PureRetro: Amiga 500 - maszyna, która wyprzedziła epokę
- SPIS TREŚCI -
- 1 - Amiga 500 - wstęp
- 2 - Amiga 500 - specyfikacja techniczna
- 3 - Amiga 500 - wyposażenie i konstrukcja
- 4 - Amiga 500 - co w bebechach A500 piszczy i miga
- 5 - Amiga 500 - droga od sukcesu do upadku
- 6 - Amiga 500 - migotanie diodami i komunikaty o błędach
- 7 - Amiga 500 - akcesoria i rozszerzenia
- 8 - Amiga 500 - narodziny demosceny
- 9 - Amiga 500 - Przyjaciółka na serio
- 10 - Amiga 500 - podsumowanie
Amiga 500 - Przyjaciółka na serio
Amiga 500 stała się na pewnym etapie (po okresie fascynacji grami) niezłym narzędziem do pracy twórczej.

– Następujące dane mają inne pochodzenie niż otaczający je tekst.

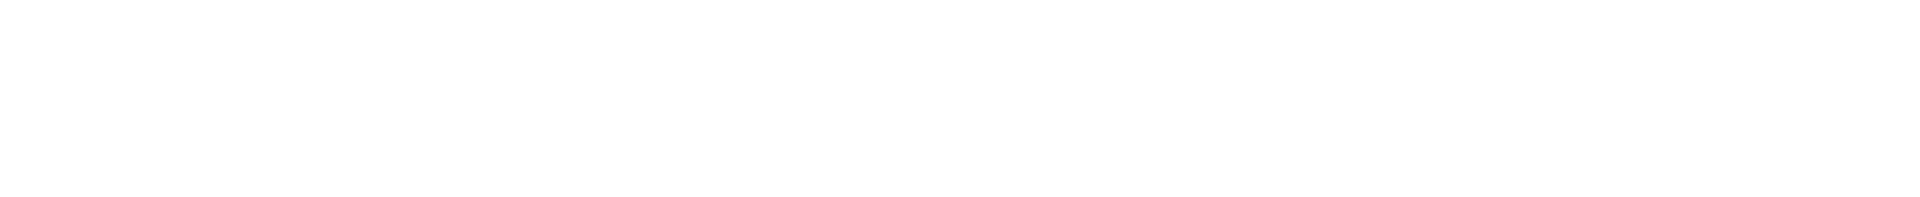 WL Logo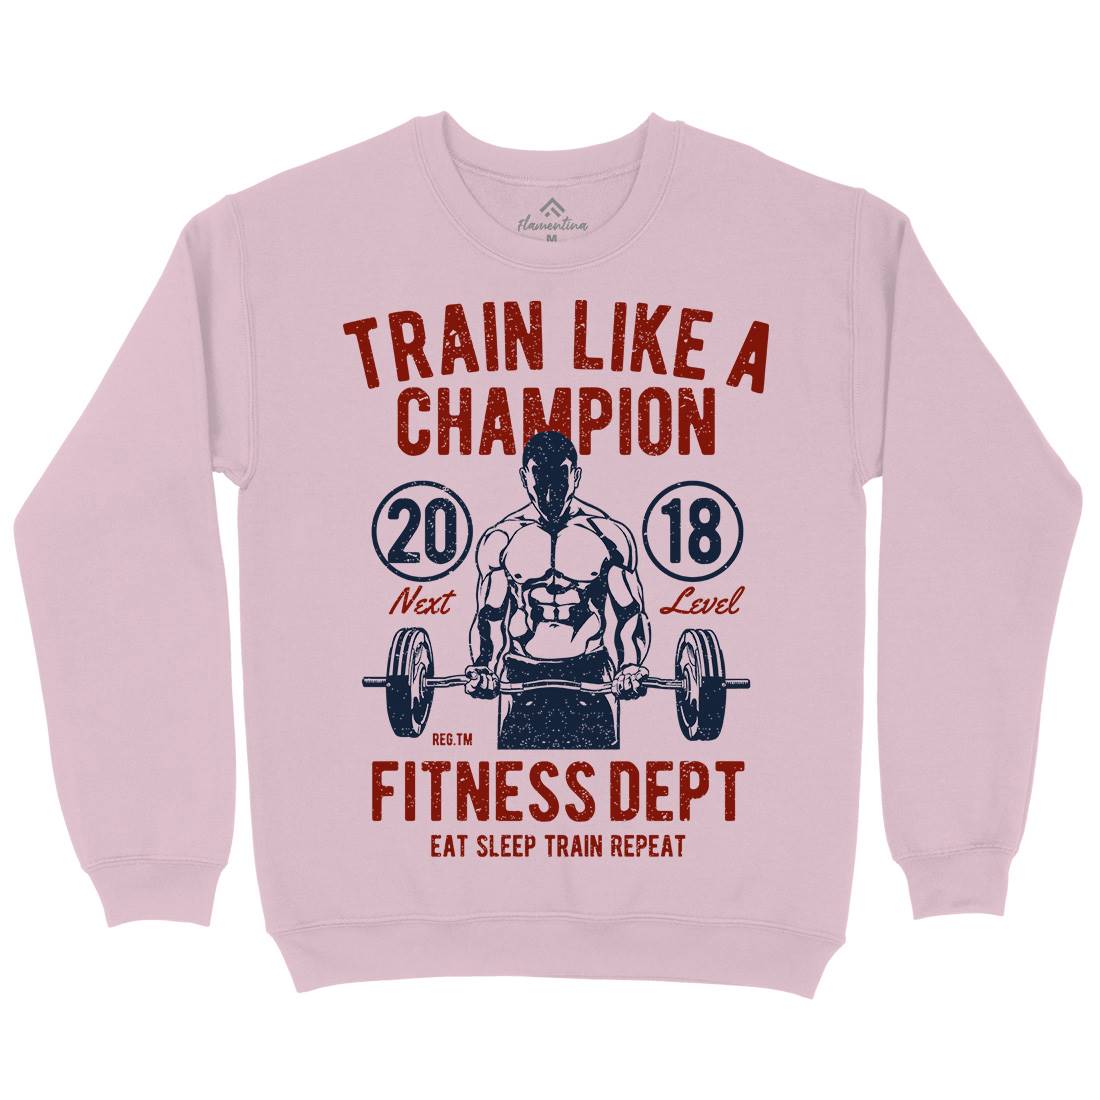 Train Like A Champion Kids Crew Neck Sweatshirt Gym A779

Bardzo szybko pojawiły się dla A500 porządne narzędzia do edycji tekstu, jako CygnusED Proffesional i tworzenia kodu programów. Mocną stroną systemu operacyjnego Amigi okazała się nie tylko wielozadaniowość, ale i stosunkowo łatwa dostępność literatury, objaśniającej tajniki działania maszyn. Bardzo szybko, wyrastające na rynku gier firmy dostrzegły potencjał Amig w zupełnie innym zakresie: Electronic Arts niedługo po premierze Amigi 1000 opublikował pierwszą edycje Deluxe Painta, edytora grafiki rastrowej rozwijanego jeszcze przez dekadę. Deluxe Paint błyskawicznie zyskał konkurentów: to m.in. TVPaint, Photon Paint, Brilliance! oraz Personal Paint. Wkrótce do towarzystwa edytorów grafiki dołączyły narzędzia do przetwarzania i obróbki cyfrowych zdjęć: fxPaint, ArtEffect i Photogenics. W 1987 roku pojawił się Ultimate Soundtracker Karstena Obarskiego, który raz na zawsze odmienił sposób tworzenia muzyki na komputerach oraz stał się przyczynkiem do powstania Noisetrackera i ProTrackera – darmowych edytorów, określanych wspólnym mianem: tracker.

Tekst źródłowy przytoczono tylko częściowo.